# Natural Incubation



## Tortuga_terrestre (Sep 13, 2012)

Hola Muchachos!

So today after many months of waiting for my Hermanns hatch out of the ground; I decided to dig them out. I didn't expect much; especially after hitting a rotten egg! (My fingers still smell). To my surprise a lil guy came running out of the hole; I thought it was a potato bug. Soon after realizing it was a baby tortoise I went inside the house to show everyone what I have found. I came out and found another one! I was ecstatic.... My question is: I thought when tortoises hatch and they absorb their sac they come out of the ground? But these guys are at least 2 weeks old...they even show some growth!

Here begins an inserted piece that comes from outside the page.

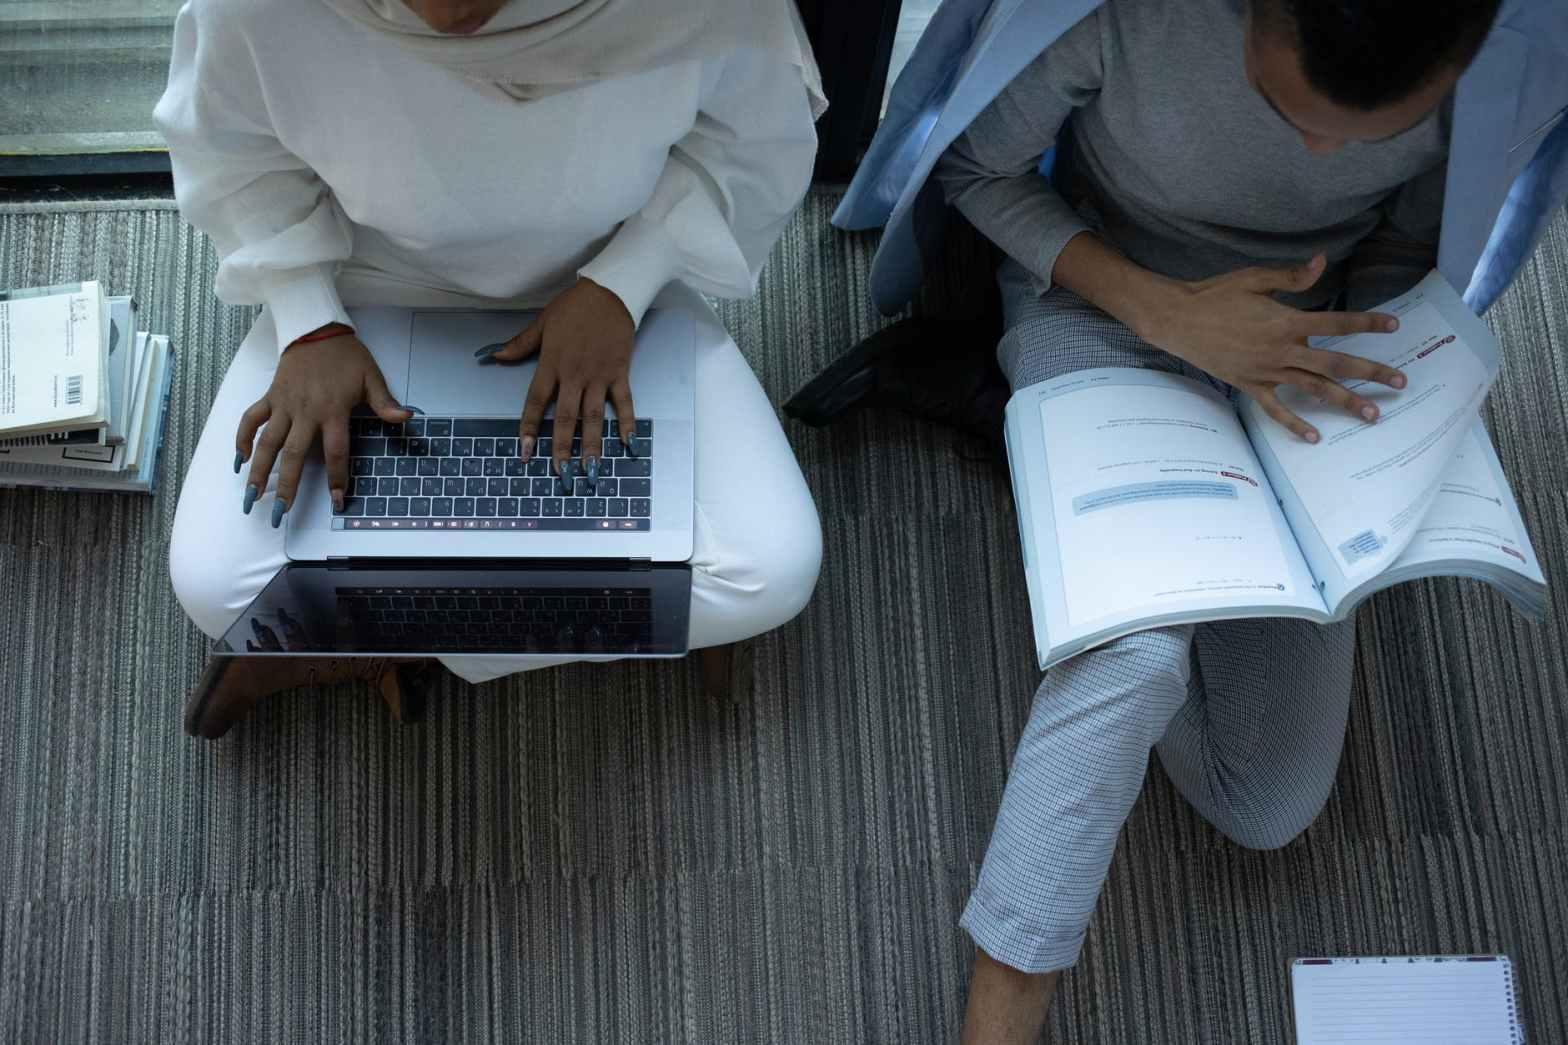 black diligent students doing studies together

How many eggs do you guys see?






I see 4...the 2 that I found. 1 rotten egg.. maybe another one???


----------



## tortadise (Sep 13, 2012)

Cool. congrats


----------



## ALDABRAMAN (Sep 13, 2012)




----------



## DesertGrandma (Sep 14, 2012)

That is very cool. How do they breath when they are underground? Do they have a tunnel?


----------



## Yvonne G (Sep 14, 2012)

If its a hibernating species, they sometimes stay in the nest until spring. Also, while they're in there some babies will eat the egg shells.


----------



## Tortuga_terrestre (Sep 14, 2012)

Here is the duo...


----------



## TortoiseBoy1999 (Sep 14, 2012)

I can't wait to start breeding my Russian!!!!!


----------



## mattgrizzlybear (Sep 14, 2012)

Cute!


----------



## conservation (Sep 14, 2012)

mattgrizzlybear said:


> Cute!



Those look like adults from Jana in Lancaster. Congrats on the babies!


----------



## Tortuga_terrestre (Sep 14, 2012)

Pets101 said:


> mattgrizzlybear said:
> 
> 
> > Cute!
> ...



Bingo! She sold me a pair of adults.


----------



## conservation (Sep 14, 2012)

That is cool! Was her entire group Dalmation Coast?


----------



## Tortuga_terrestre (Sep 14, 2012)

Pets101 said:


> That is cool! Was her entire group Dalmation Coast?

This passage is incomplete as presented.